■ About this exercise
Beginning with the line that includes "bedroom tips for better sleep", return every remaining line of the material exactly as it reads, but not the pictures.

··· Raw data ···

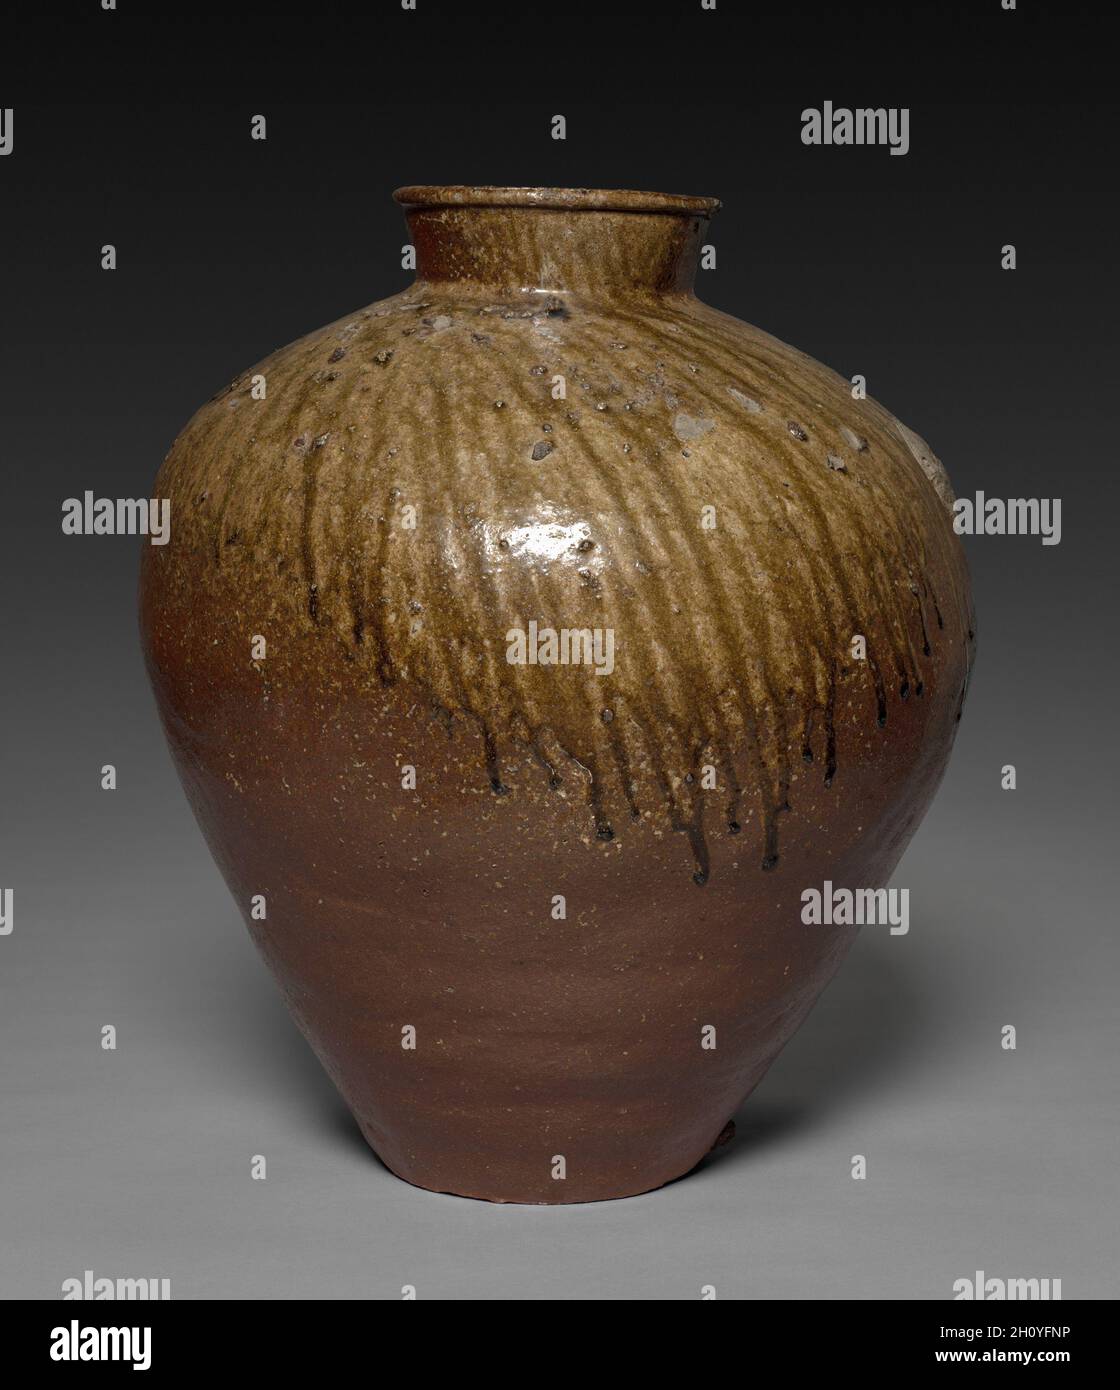 Bol de rangement, 1400 s.Japon, période de Muromachi (1392-1573).Grès avec glaçure de frêne naturelle (vaisselle Echizen); diamètre: 47.5 cm (18 11/16 in.); hors tout: 57.5 cm (22 5/8 in.).Situé dans la préfecture d'Fukui au nord-est de Kyoto, les fours Echizen produisaient des céramiques avec une peau rouge-violacé et un feldspath blanc caractéristique de l'argile locale utilisée dans cette pièce.Vers 1700, la chaude teinte des produits Echizen a gagné en popularité dans la pratique du thé, en particulier lorsque les navires ont exposé la surface robuste évidente ici en combinaison avec les gouttes dynamiques de glaçure brillante. Banque D'Images
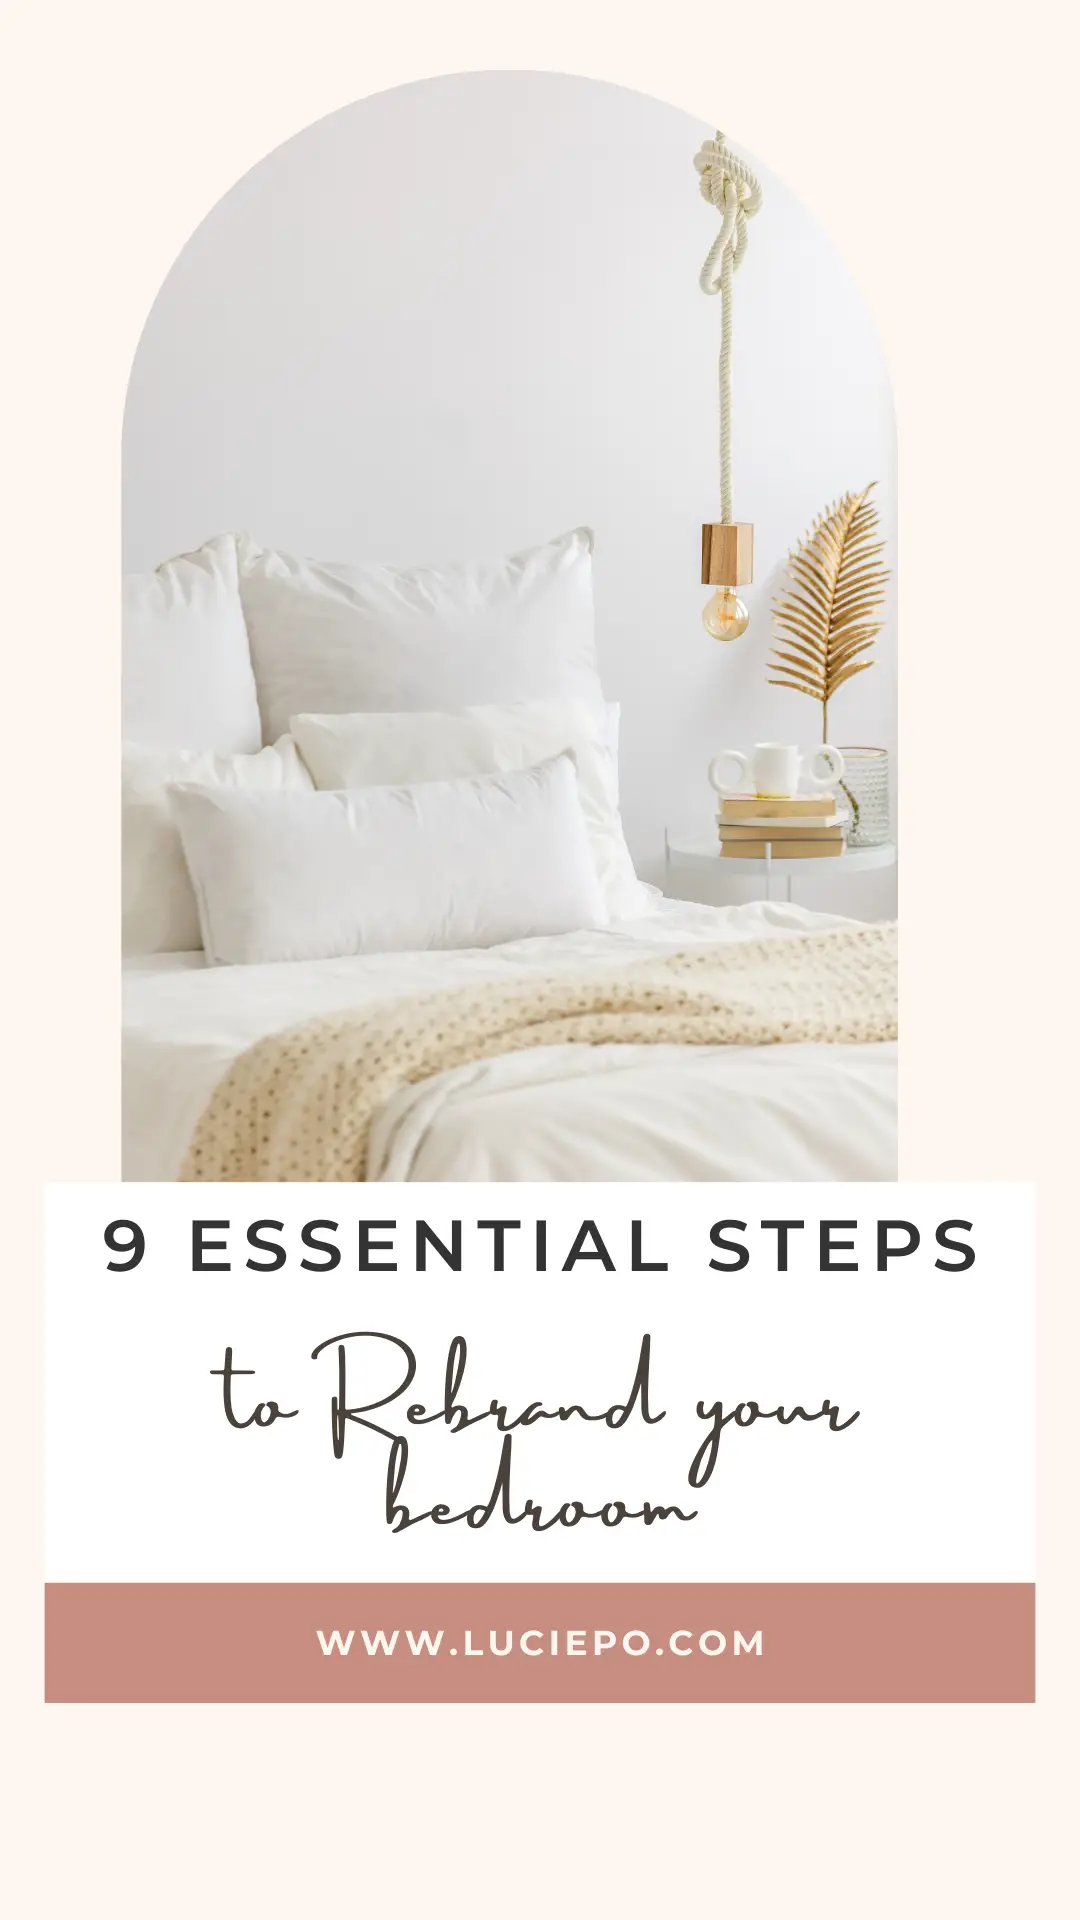 bedroom tips for better sleep
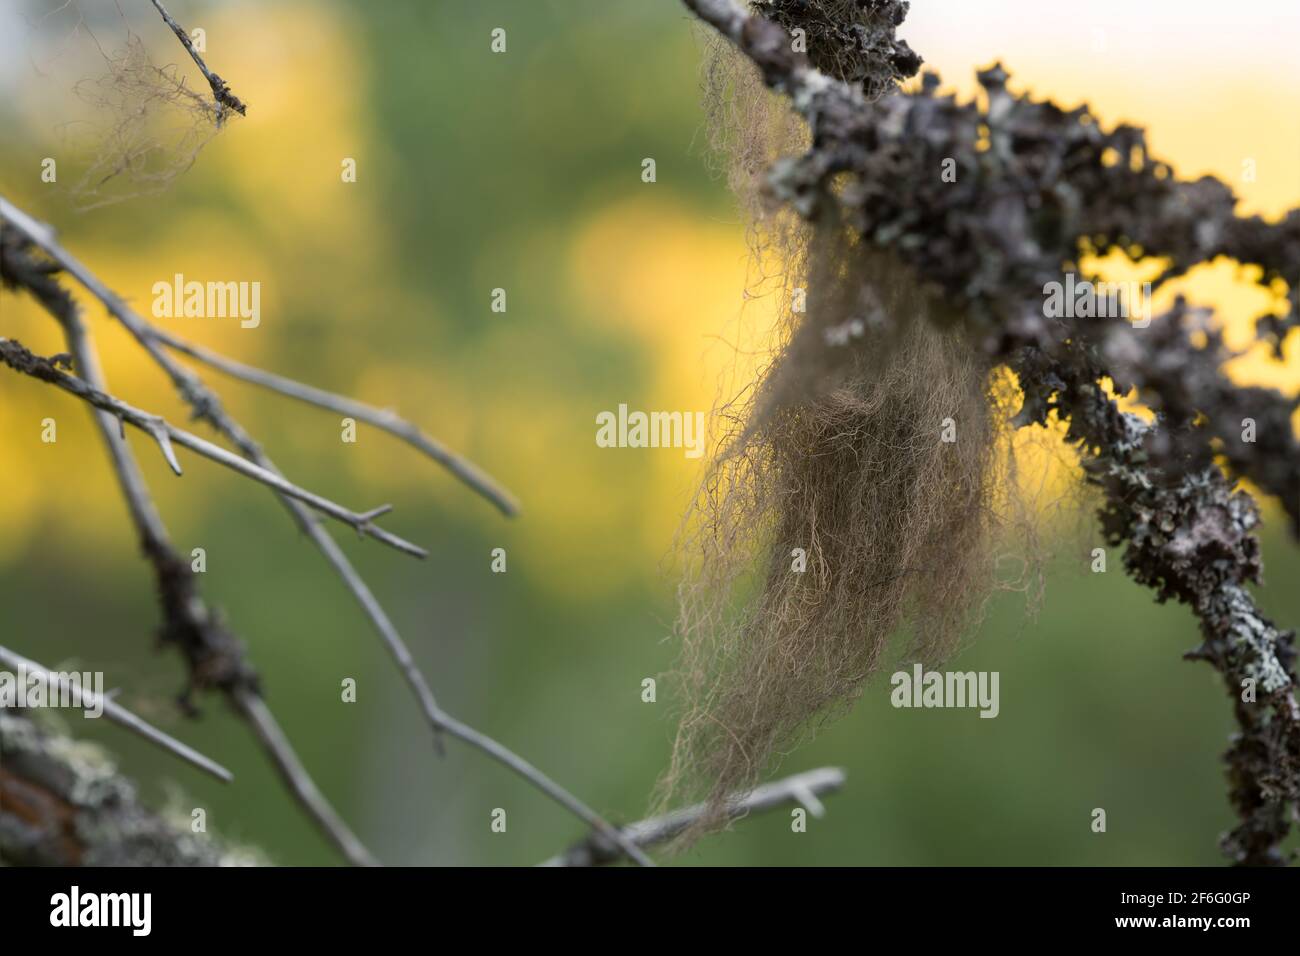 Lichen, Bryoria capillaris on branch Stock Photo
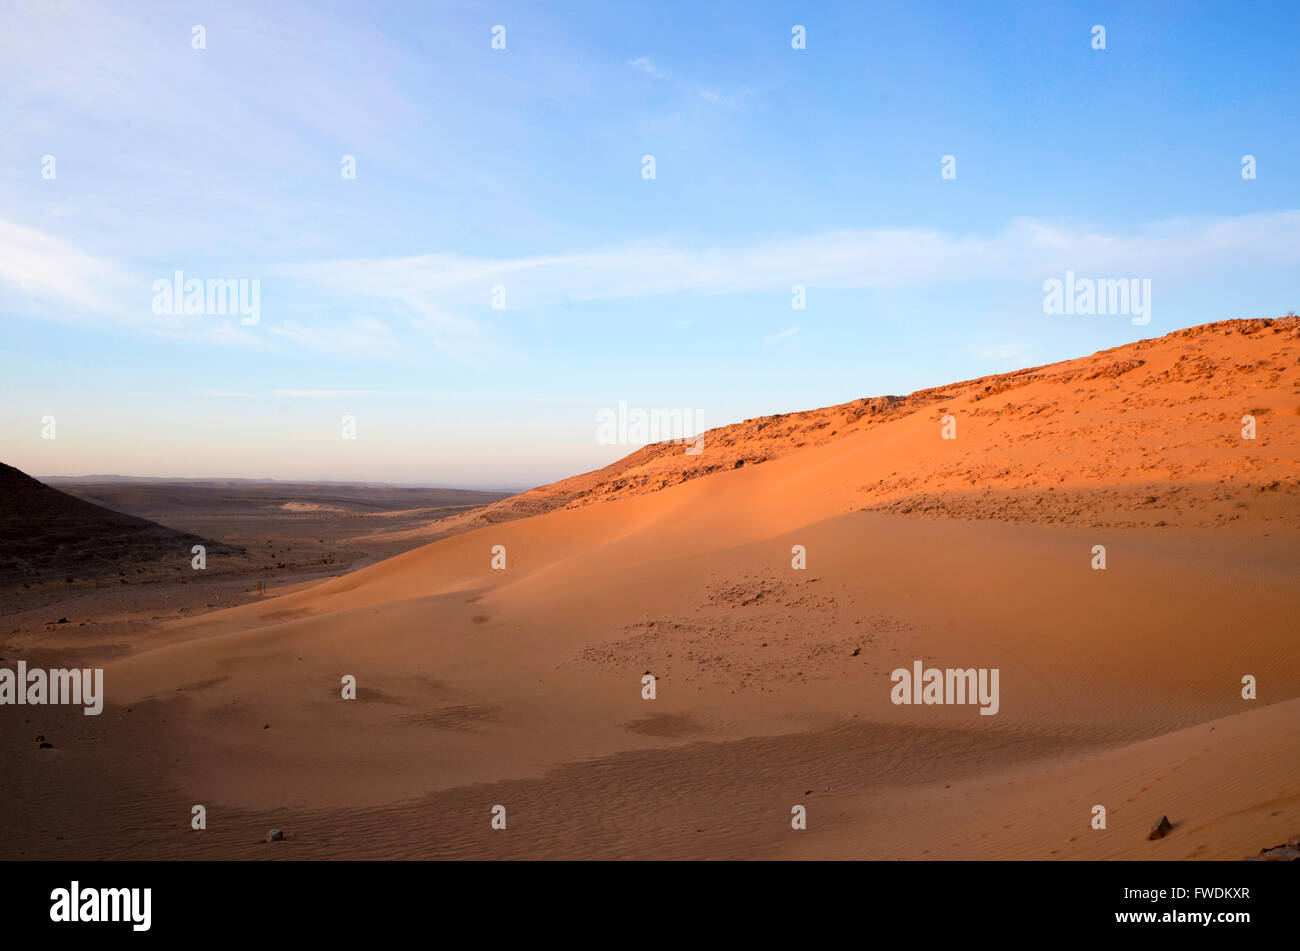 Dunes de sable du désert. Photographié dans la région de l'Aravah, désert du Néguev, Israël Banque D'Images

···

■ Answer
 bedroom tips for better sleep
 Lichen, Bryoria capillaris on branch Stock Photo
 Dunes de sable du désert. Photographié dans la région de l'Aravah, désert du Néguev, Israël Banque D'Images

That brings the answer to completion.